Research Day

Title

Adverse Reaction to Nebulized Budesonide in a Patient with Mast Cell Activation Syndrome

Document Type

Abstract

Date

2017

Abstract

Introduction: Mast cell activation syndrome (MCAS) is a disorder with symptoms caused by inappropriate MC activation without inappropriate mast cell (MC) proliferation. Flairs of MCAS can make labeling of true allergies in these patients difficult. Anaphylaxis has been described in patients due to oral and IV corticosteroids, however this adverse effect has not been noted in their inhaled form. We present a case of an apparent mast-cell mediated reaction to nebulized budesonide in the setting of presumed MCAS. Rationale: Variability in presentation of MCAS may lead to misuse of medications and vague assignments of patients’ allergies. Allergic reactions to nebulized budesonide have not been extensively described in literature.

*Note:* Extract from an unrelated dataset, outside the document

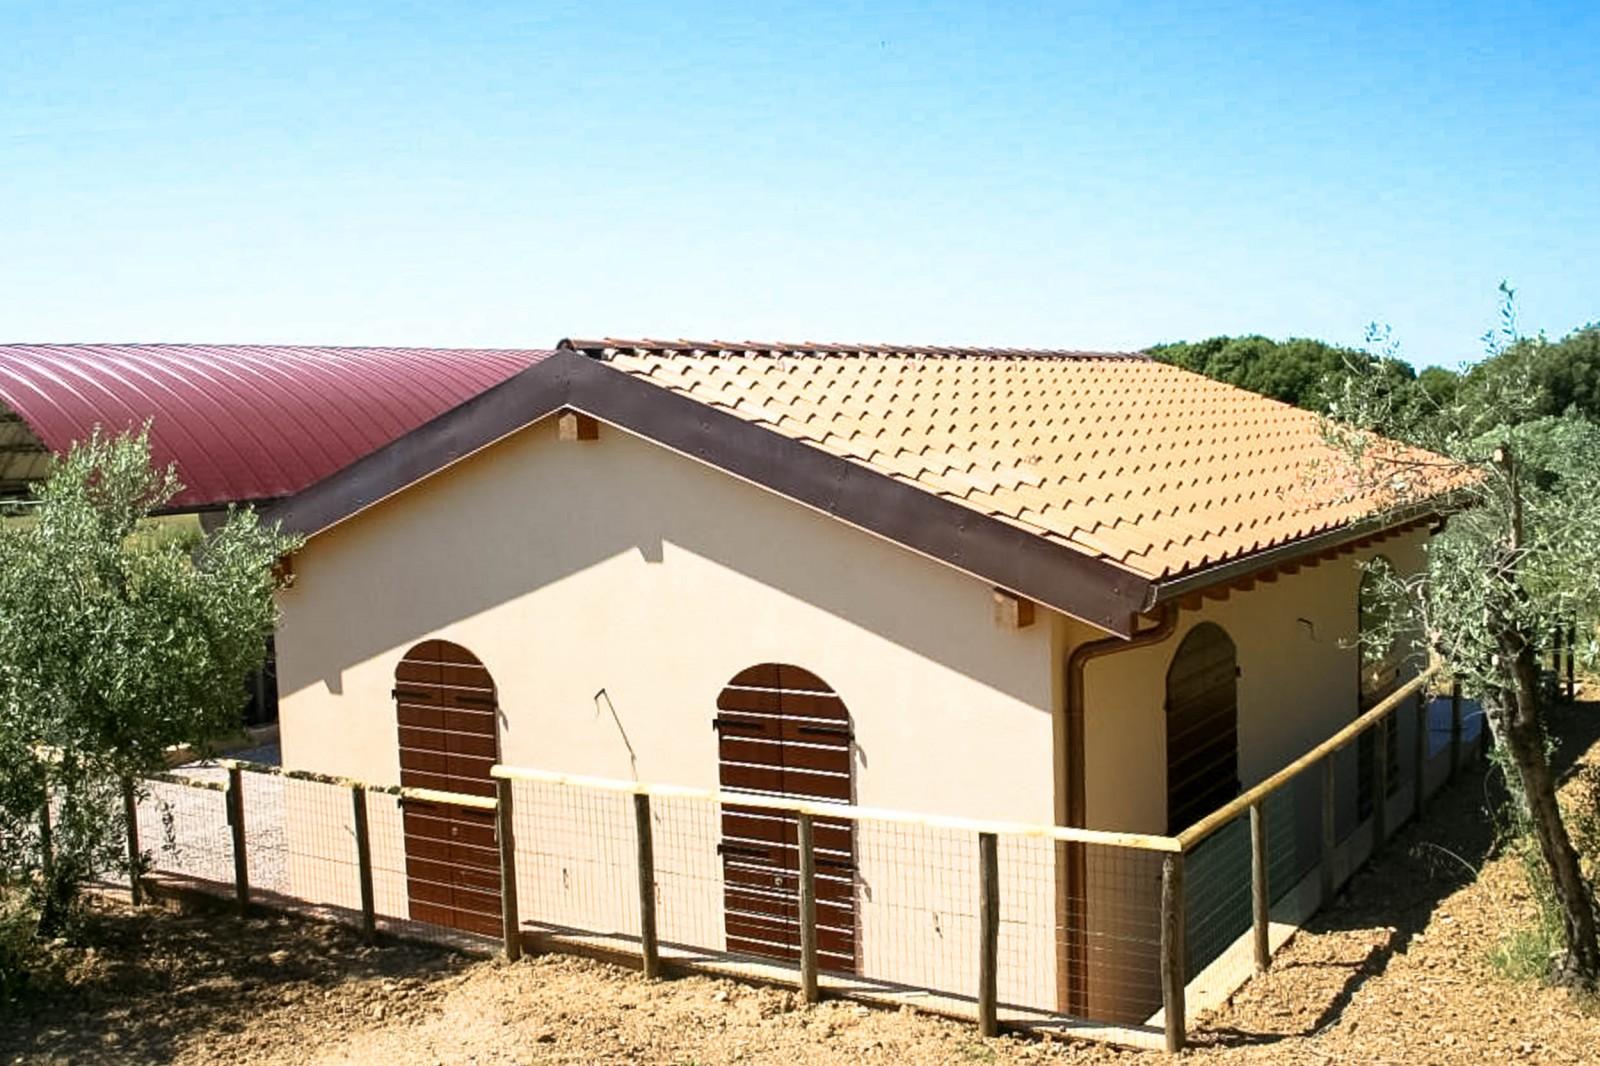 Case prefabbricate in legno il prezzo fisso e certo - Costo costruzione casa prefabbricata ...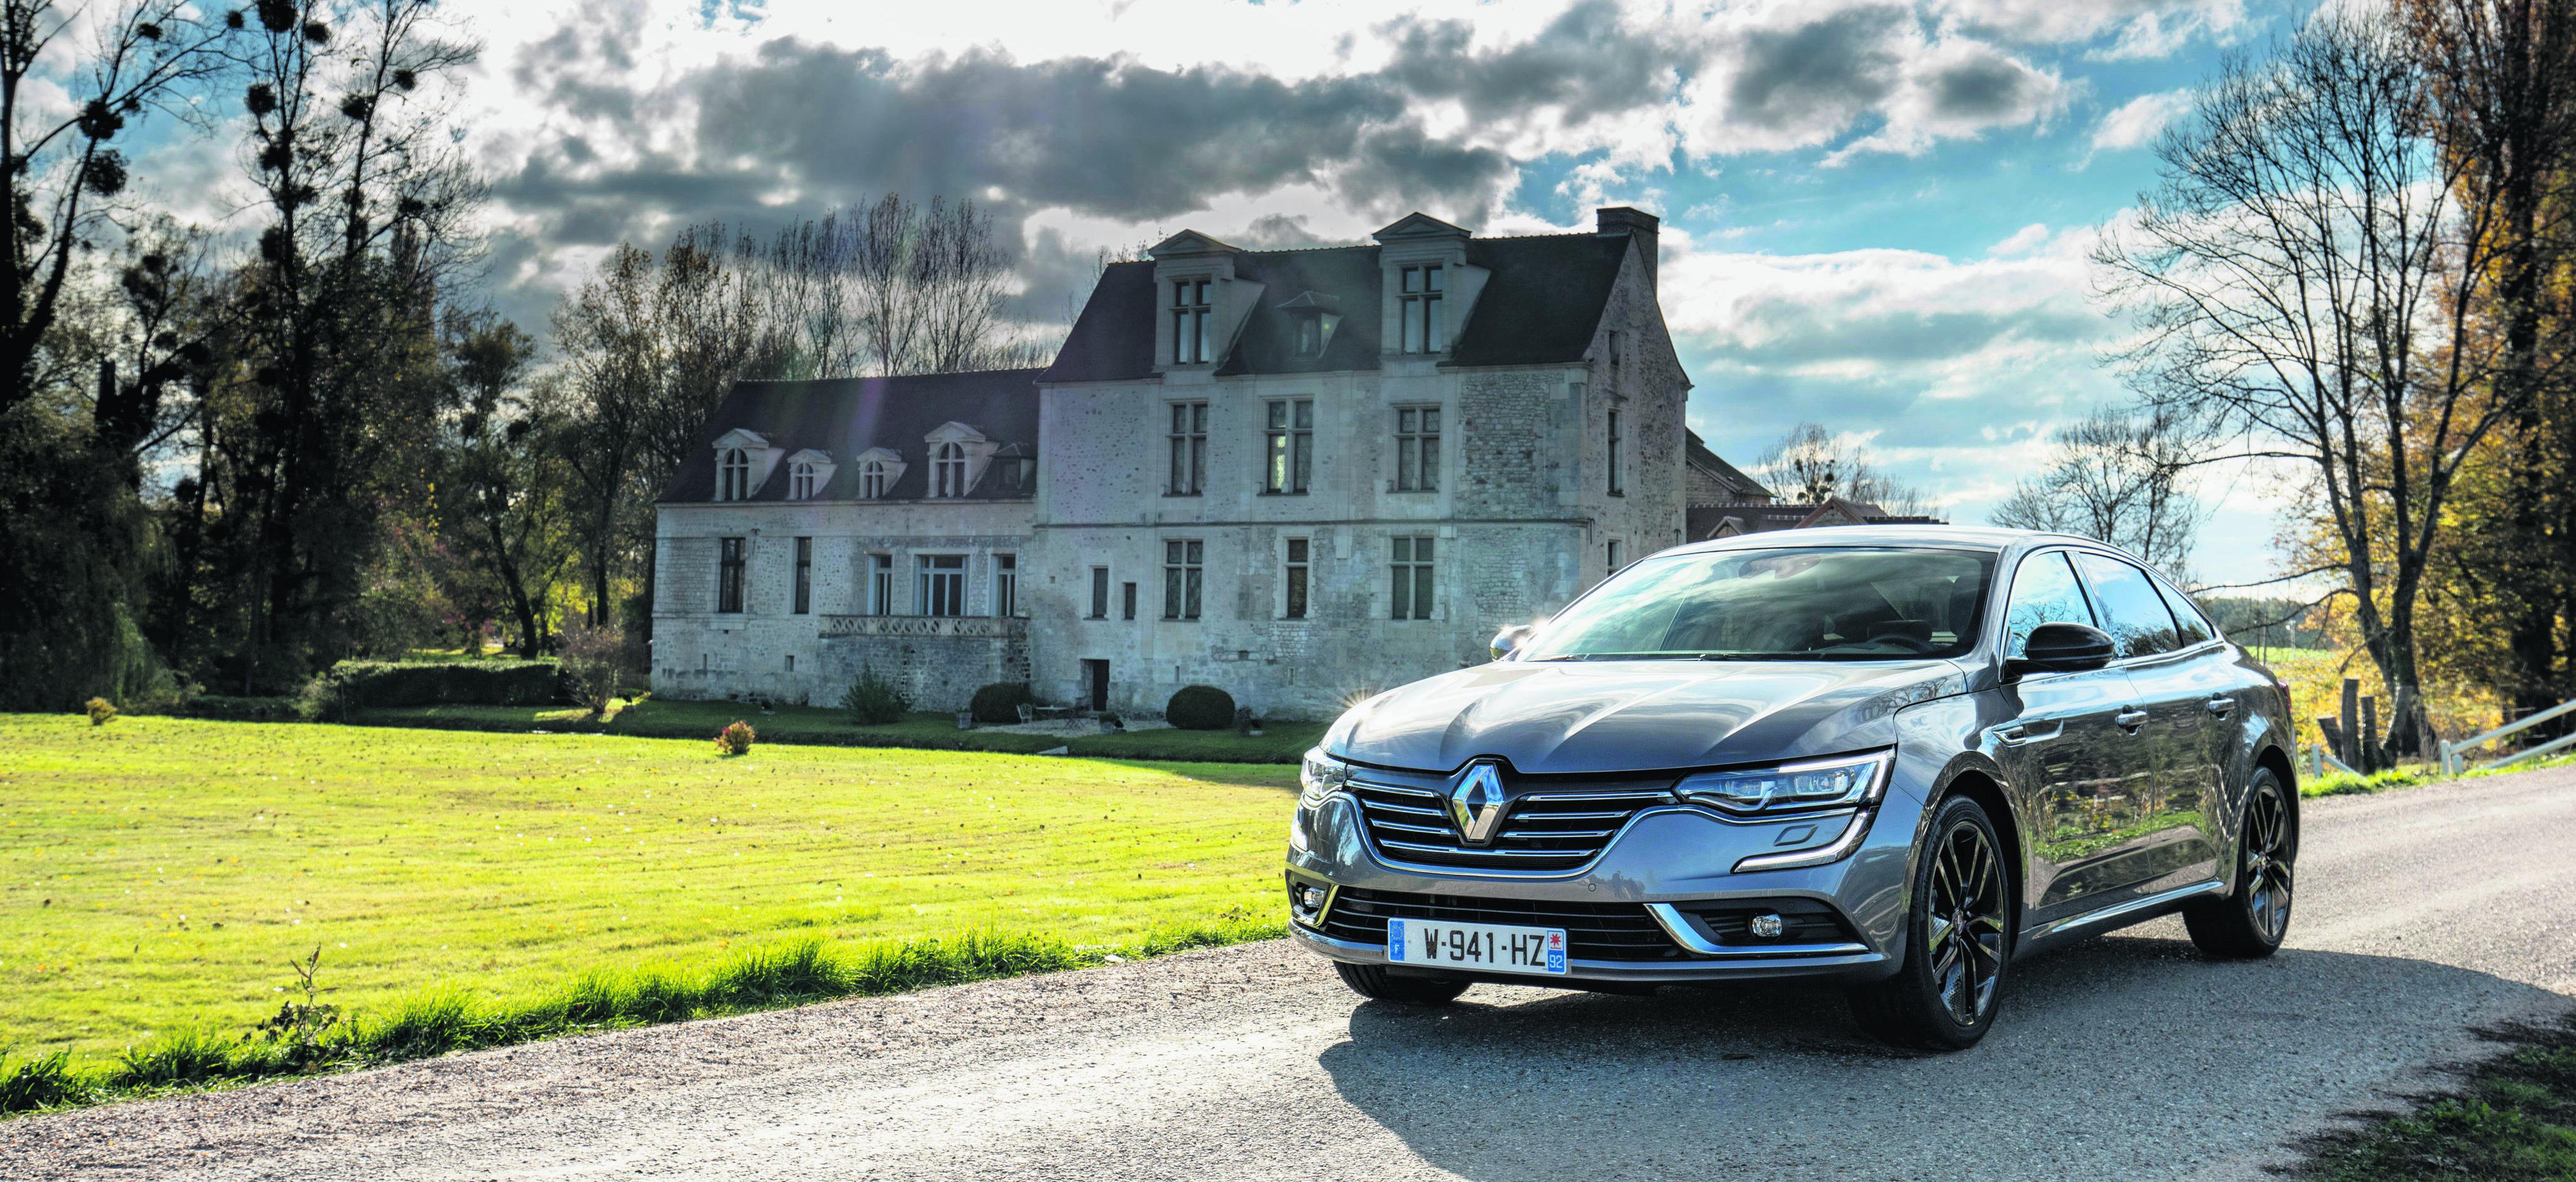 Angriff-auf-die-obere-Mittelklasse-von-Renault

Case: An 18-year-old male with provisional diagnosis of MCAS based on urine PG D2 of 318 ng/24hrs (100-280 ng/24hrs) and consistent symptoms, was admitted with a prolonged severe dry cough. Imaging and laboratory workup were negative for infection or structural abnormality. Treatment included methylprednisolone, nebulized budesonide and albuterol. Acute lip angioedema and diffuse urticarial rash developed immediately after administration of nebulized budesonide on day three. No cardiovascular or respiratory instability was documented. Intramuscular epinephrine was administered with significant improvement. Patient was diagnosed with allergy to budesonide versus MCAS exacerbation. Nebulized albuterol and methylprednisolone were continued without recurrence of angioedema or urticaria. Drug allergy testing to evaluate the mechanism of reaction was not performed. Discussion: MCAS symptoms may lead to vague allergy assignments and use of medications for unclear indications. In this case epinephrine was used without documentation of systemic involvement, with only lip angioedema and urticarial rash noted. Allergy label was assigned based on assumption that budesonide triggered symptoms given proximity to treatment. Difficulty interpreting drug allergy tests in the setting of MCAS may preclude clarification of reaction mechanism. Conclusion: This case illustrates the complexities of management of drug reactions in patients with MCAS and potentially reports one of the first cases of early anaphylaxis to inhaled budesonide.